Получив, наконец, высшее музыкальное образование, Теодор поступил в музыкальный корпус на службу, а после нашел отдушину в преподавании и начал вести лекции в университете искусств, пока… Пока не началась Вторая мировая война, и отец не вынудил его идти на фронт. Теодору не было и 30-ти, когда перед молодым человеком был поставлен серьезный выбор: либо идешь на фронт воевать за фашистскую власть, кою он отрицал всем сердцем, но в которую непоколебимо верил отец, либо будешь лишен не только наследства, но и всех заслуг в университете с пожизненным лишением права преподавать. О, отец Тео мог договориться и превратить жизнь непокорного сына в ад, если то было необходимо. И знал, куда надавить, ведь собственной семьей Тео еще не обзавелся, любимого человека, с которым он мог бы убежать и пережить этот период в каком-нибудь раю в шалаше, тоже не было, а контакты со знакомым матери были безвозвратно утеряны. И самым ценным у него оставалось только преподавание музыки в университете.
Так он оказался в рядах армии Вермахта на севере России летом 1942-го. Пережив одну суровую русскую зиму и слоняясь в окопах, Теодор все отчетливее осознавал, что не хочет становиться хладнокровным солдатом, убивавшим за мерзкую идеологию и не имевшим моральных принципов, каким теперь стал отец. Но бежать ему было практически некуда. Поймают свои - расстреляют, поймают русские… русский плен представлялся Тео не меньшим злом, особенно, если слушать те байки, что рассказывали немецкие солдаты в окопах.
Одним весенним днем его послали с тремя солдатами из отряда разведать отдаленные карельские территории. Пройдя несколько десятков километров, к вечеру второго дня он завел часть своего отряда в глушь деревни Шуя. У мужчины во время этой разведки зрел в голове смелый, но малоосуществимый план. Жителей там уже не было, деревня была пуста, и ничего не помешало сослуживцам Теодора забраться в один из домов и напиться до чертиков найденной выпивкой на голодный желудок. Там они и решили переночевать, что было очень на руку Тео. Светловолосый мужчина сидел тихо за столом и каждый раз, когда кто-либо из этих троих, выпивая из горла бутылки, рассказывал, как убивал или насиловал кого-то из русских, какие бы вещи вытворял с ними, и как остальные подхватывали и улюлюкали, у него все тверже укреплялась вера в свой план и росло хладнокровное отношение к сидевшим за столом. Как только последний солдат уснул с бутылкой почти допитого пойла в одной руке, Теодор, осторожно ступая, взял небольшую подушку из соседней комнаты и, глуша выстрел, спустил курок у виска одного, затем другого… Затем он почувствовал жжение в левой ноге и заметил, что третий смотрит на него мутным взглядом и держит пистолет, пытаясь целиться на пьяную голову. Этого Теодор застрелил уже в упор, смотря в ненавистные серые глаза.

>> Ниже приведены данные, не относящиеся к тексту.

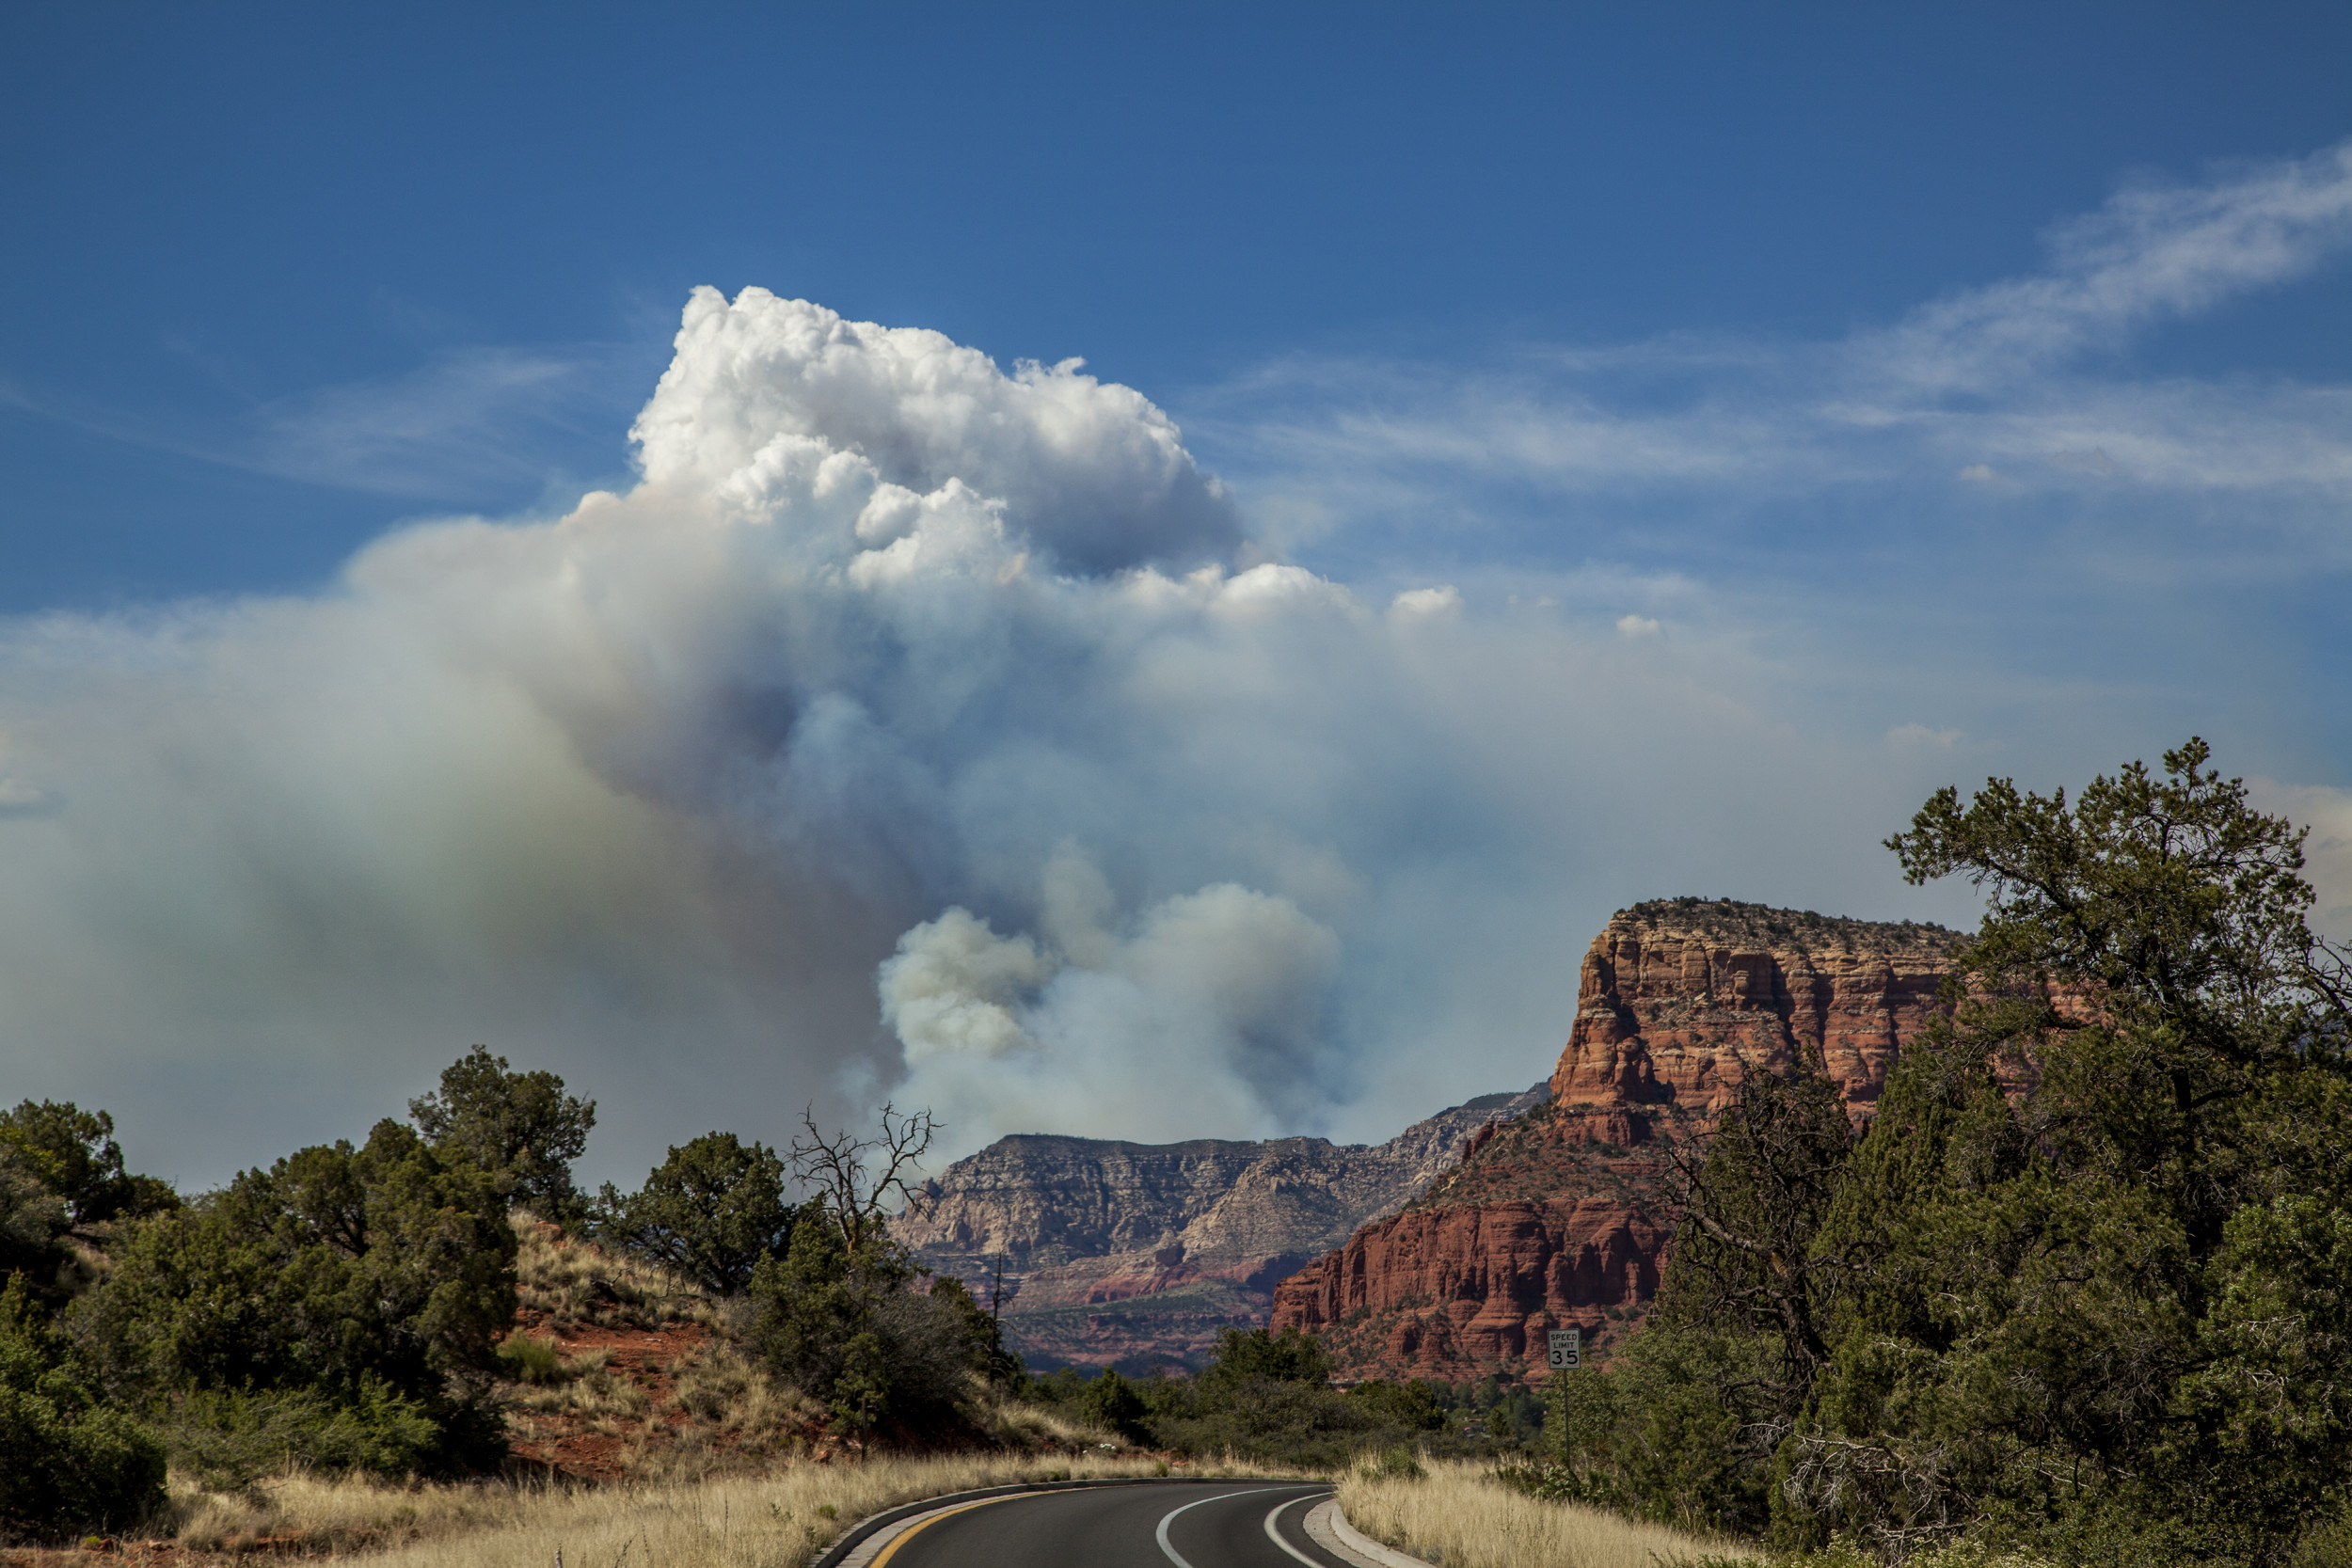 Bush Fire Update Arizona Wildfire Grows To Over 64,000 Acres, Nearly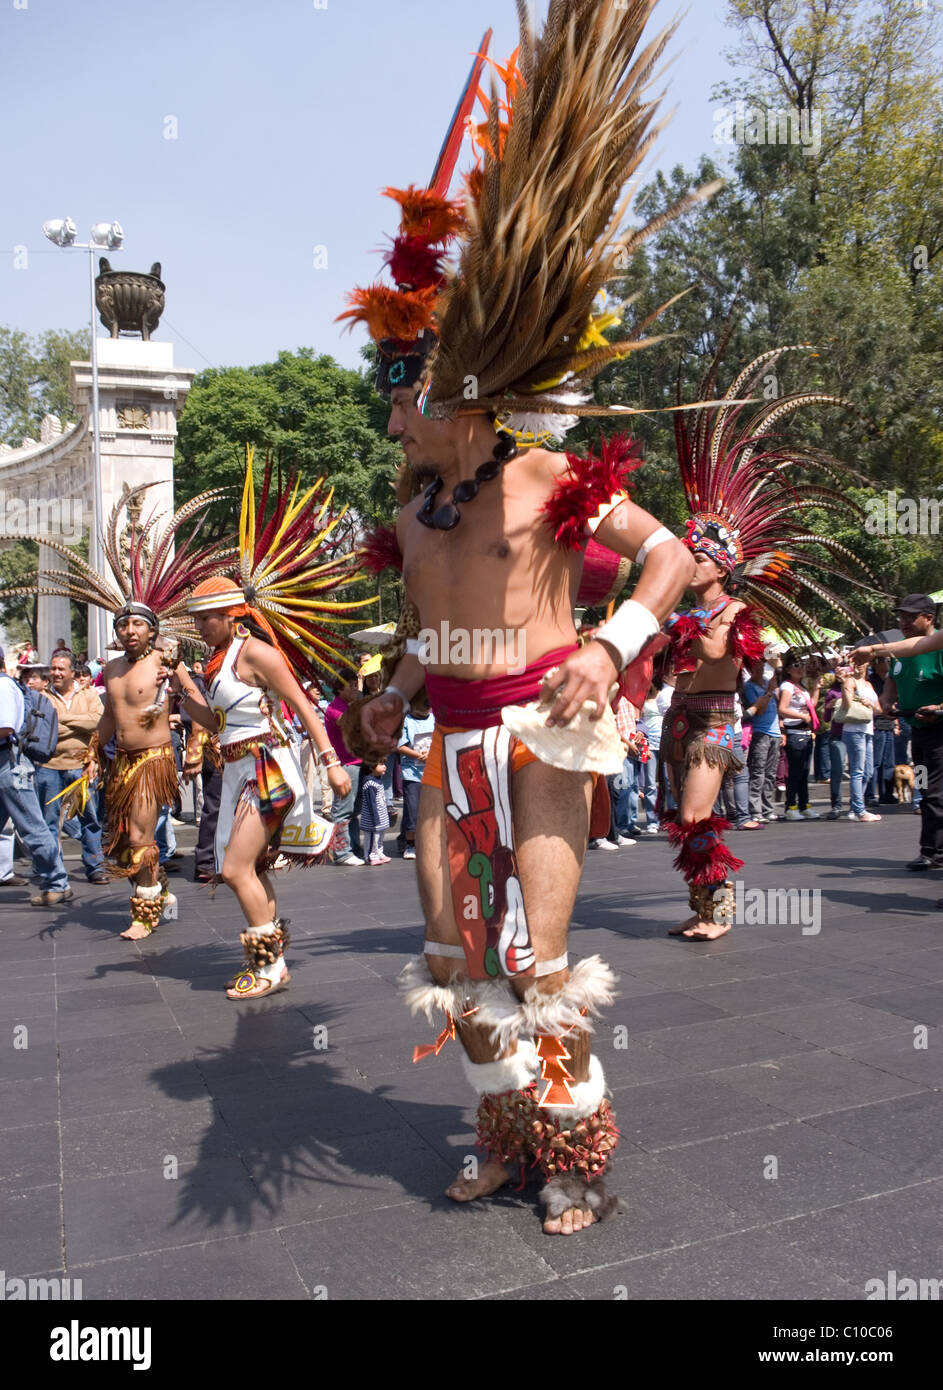 Prehispanic (Aztec) dance group performing during a parade in Mexico city Stock Photo

Перевязав ногу и наскоро собрав в один из рюкзаков пожитки, что были с собой у солдат, захватив кое-что из дома, он снял с себя форму и, порыскав в шкафу, надел что-то из одежды предыдущих жильцов, заново делая жгут на ноге. Теодор знал, что выбора остаться тут надолго у него не было, и его наверняка бы пришли искать. С раненой ногой бежать тоже было нельзя. Был последний выход.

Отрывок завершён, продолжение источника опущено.